▶ **What you have to do**: The reply should hold only the lines from the one with "Woof Gang Bakery & Grooming San Antonio" to the one with "Cremefarbenes T-Shirt mit", both ends kept, exactly as they appear below, without any pictures.

▶ **Supplied records**:
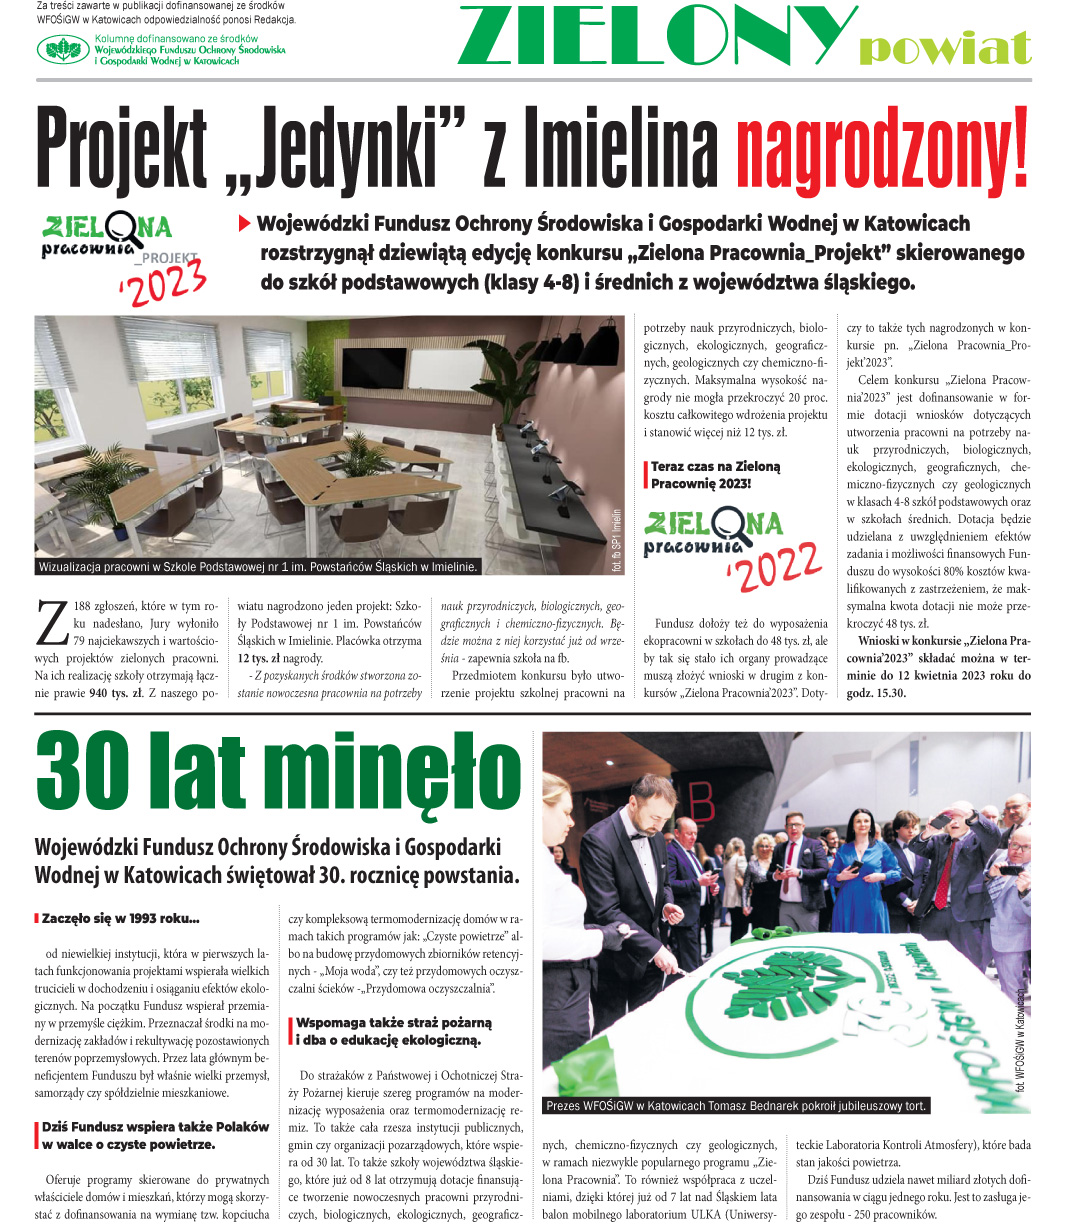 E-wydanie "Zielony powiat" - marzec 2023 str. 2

---

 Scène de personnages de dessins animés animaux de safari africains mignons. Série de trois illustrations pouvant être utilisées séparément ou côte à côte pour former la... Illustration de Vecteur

--

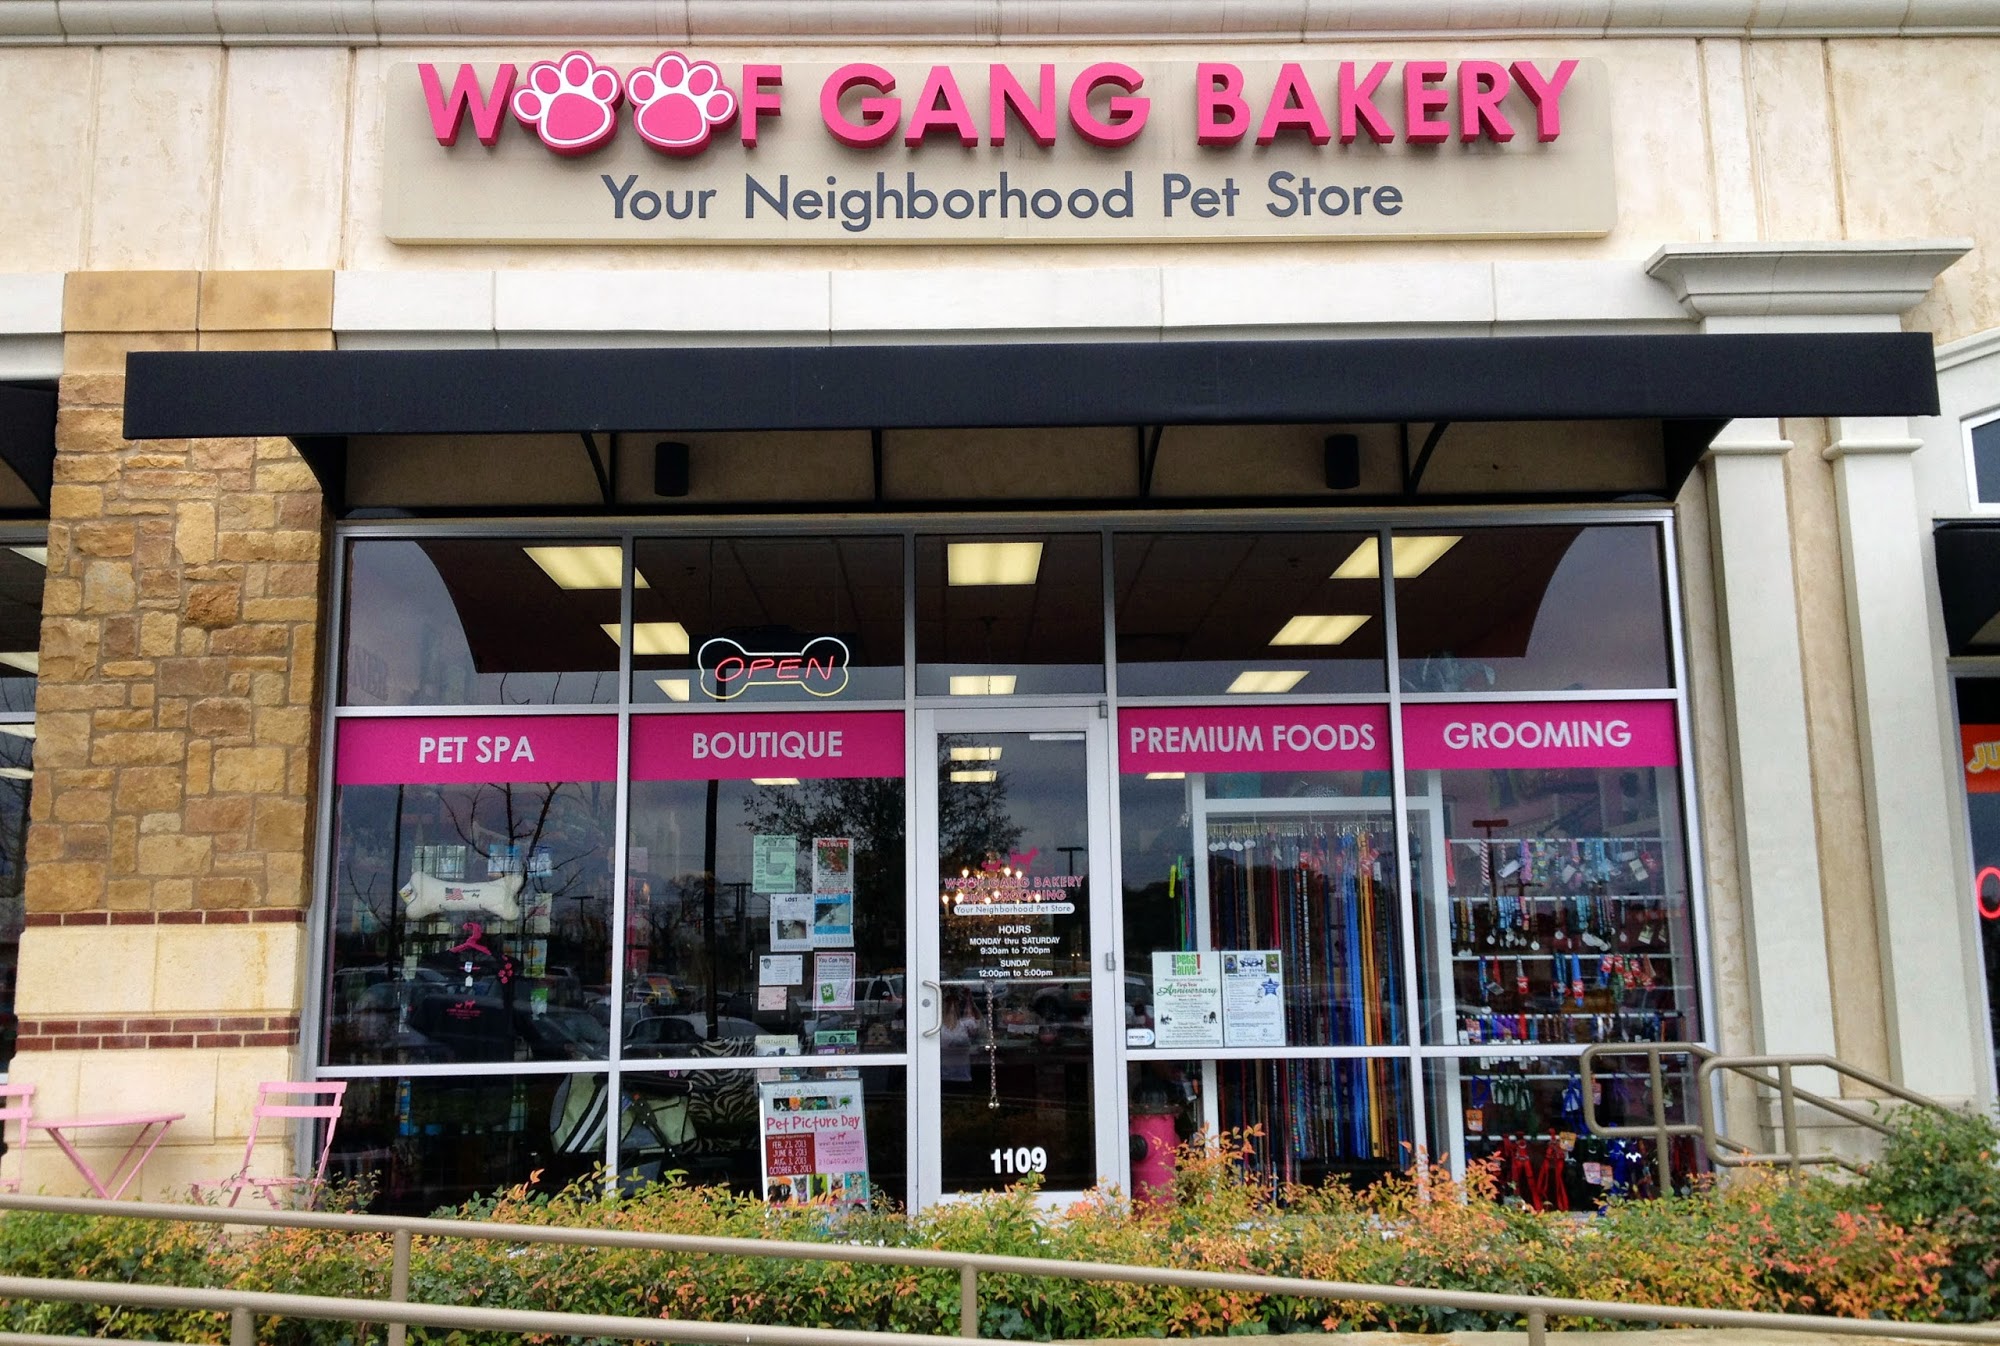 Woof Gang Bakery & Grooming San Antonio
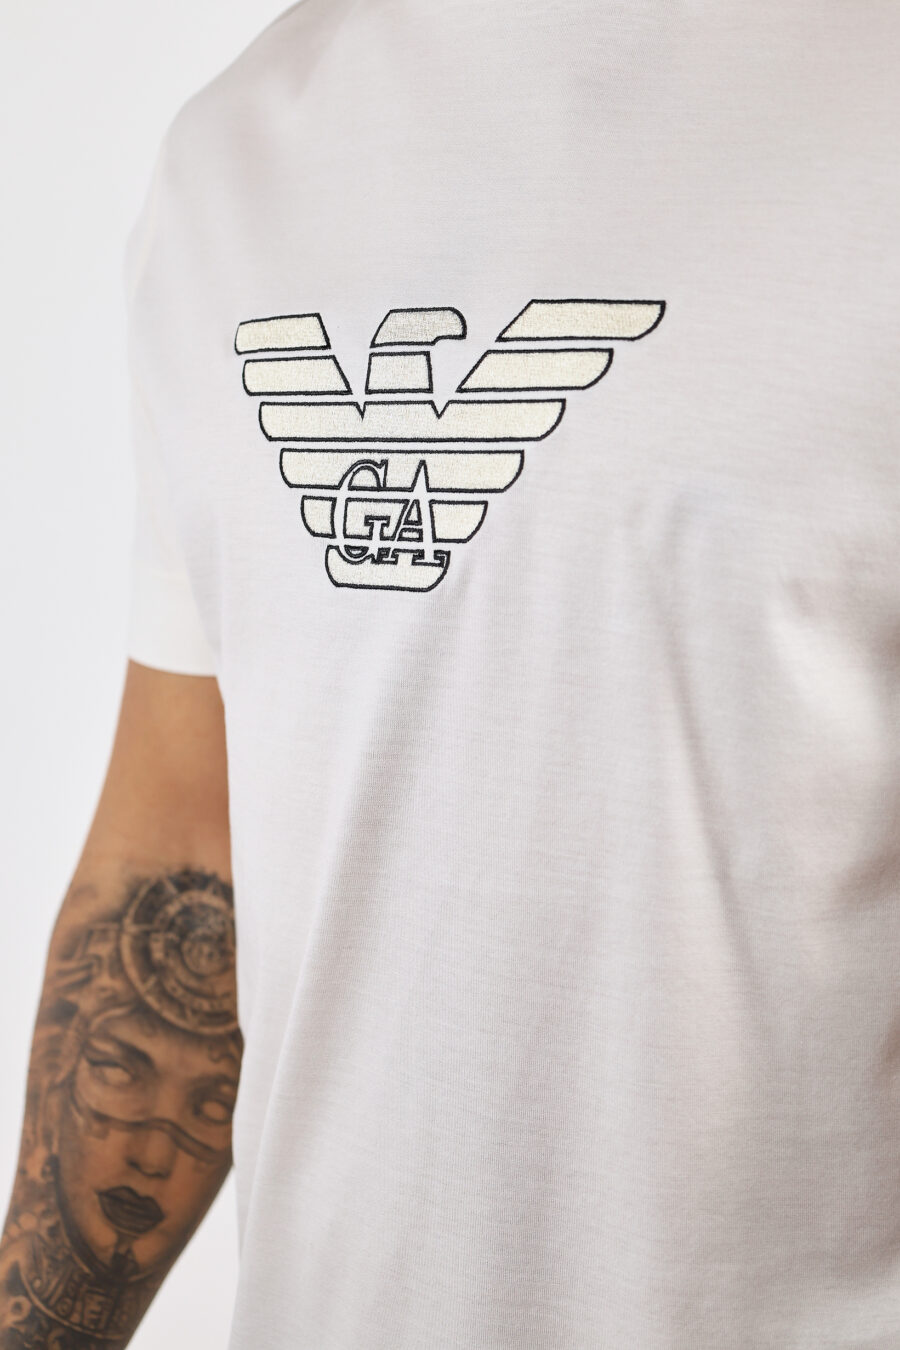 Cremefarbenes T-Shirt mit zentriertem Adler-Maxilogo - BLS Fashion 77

▶ **Solution for this problem**:
 Woof Gang Bakery & Grooming San Antonio
 Cremefarbenes T-Shirt mit zentriertem Adler-Maxilogo - BLS Fashion 77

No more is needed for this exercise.